The column that knows where to stick its Oscars.
THE ACADEMY AWARDS will be a bit more keenly regarded by the British film industry this year, with four of the five Best Actress nominees hailing from these isles (including top tip Judi Dench for BBC Scotland's Mrs Brown) and The Full Monty proving a dark horse in the Best Film category. So if you want to experience a bit of atmosphere and excitement. don't watch them at home: get along the Filmhouse in Edinburgh for the annual all-night Oscars party in aid of Cruisaid Scotland.

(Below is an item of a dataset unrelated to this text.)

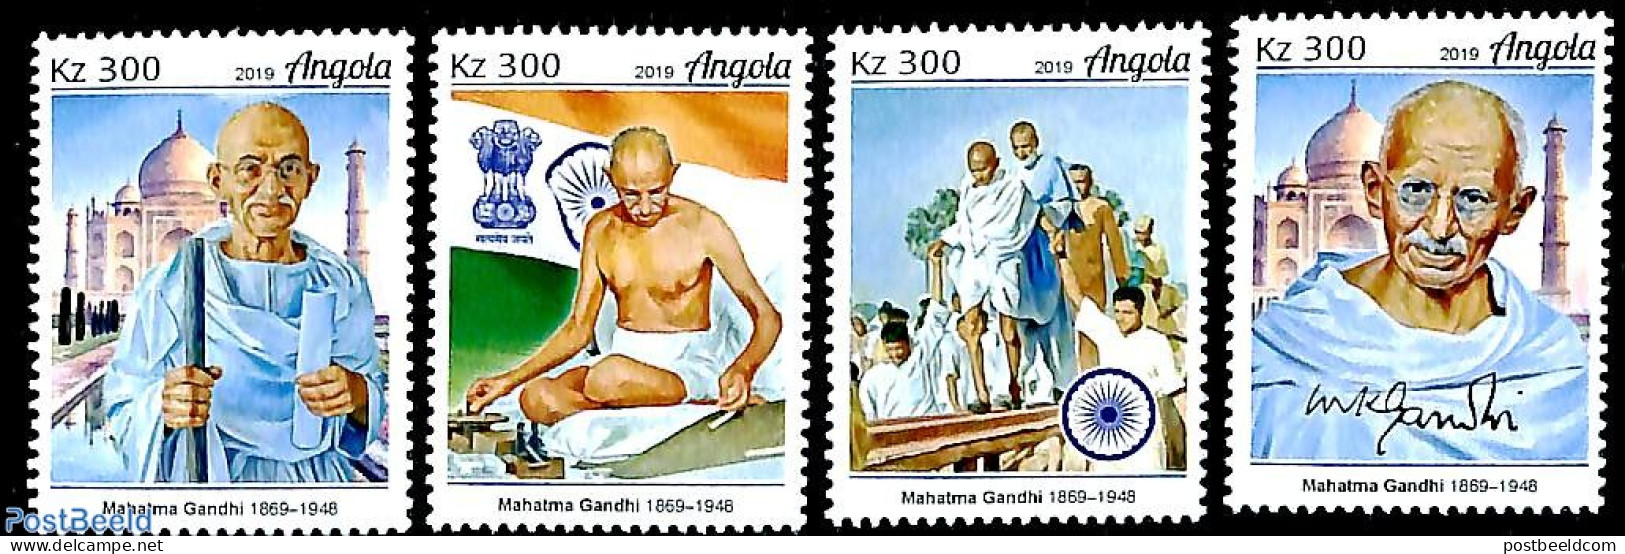 Angola 2019 M. Gandhi 4v, Mint NH, History - Gandhi - Mahatma Gandhi
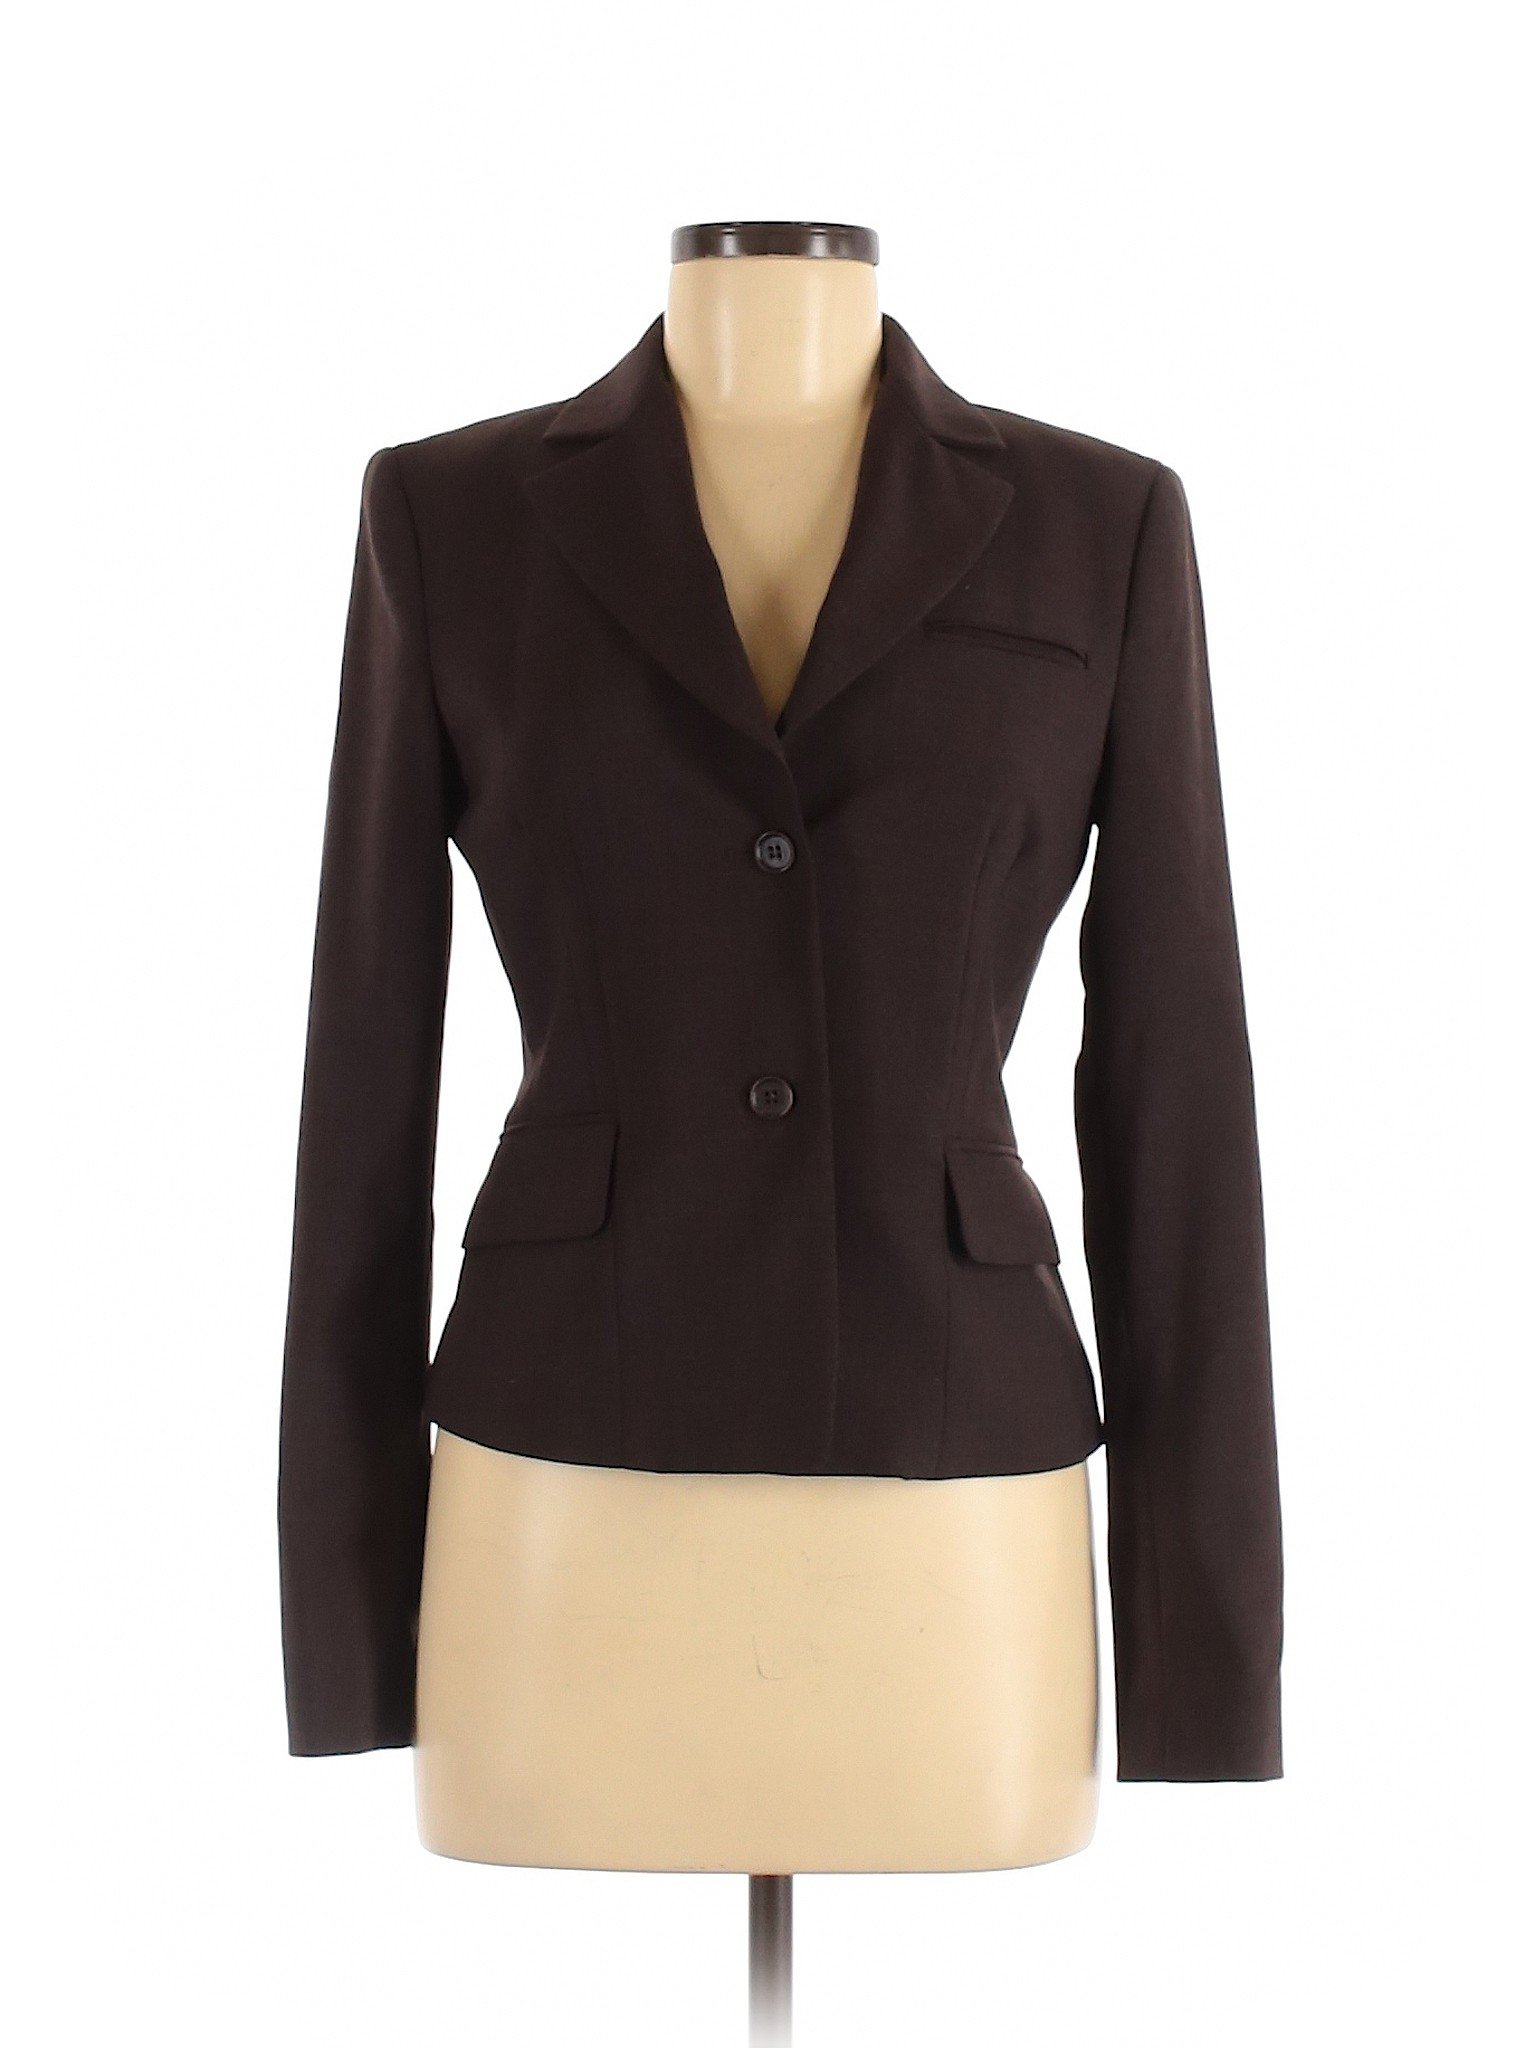 BCBGMAXAZRIA Women Brown Wool Blazer S | eBay

The event begins at 9pm on the evening of Mon 23 Mar. As well as live broadcast of the ceremony in the late-night bar, two as-yet- unreleased films will be screened - Pedro Almodovar's steamy crime melodrama Live Flesh and Shall We Dance?. a feelgood Japanese movie that scored a surprise hit at the US box office. There's also an auction of movie memorabilia, which this year includes items from Titanic and Event Horizon, and personal donations from stars such as Susan Sarandon. Glamour is the name of the game. so get dolled up and cheer on your favourites. Tickets, costing £15, are available now from Filmhouse.
DISAPPOINTED THAT TARANTINO'S latest flick, Jackie Brown. doesn't receive a Scottish release until Fri 10 Apr? Then get your blaxploitation fix as the Fleapit Film Club makes has its first screening at Glasgow‘s King Tut's. Shaft is the cool dude in question. and he’s diggin' it on Wed 18 Mar. Contact Fleapit at PO Box 4711, Glasgow, G12 8YF or fleapitOdial.pipex.com for details about tickets.
And the winner is: who'll join Mel Gibson in Oscar glory this year?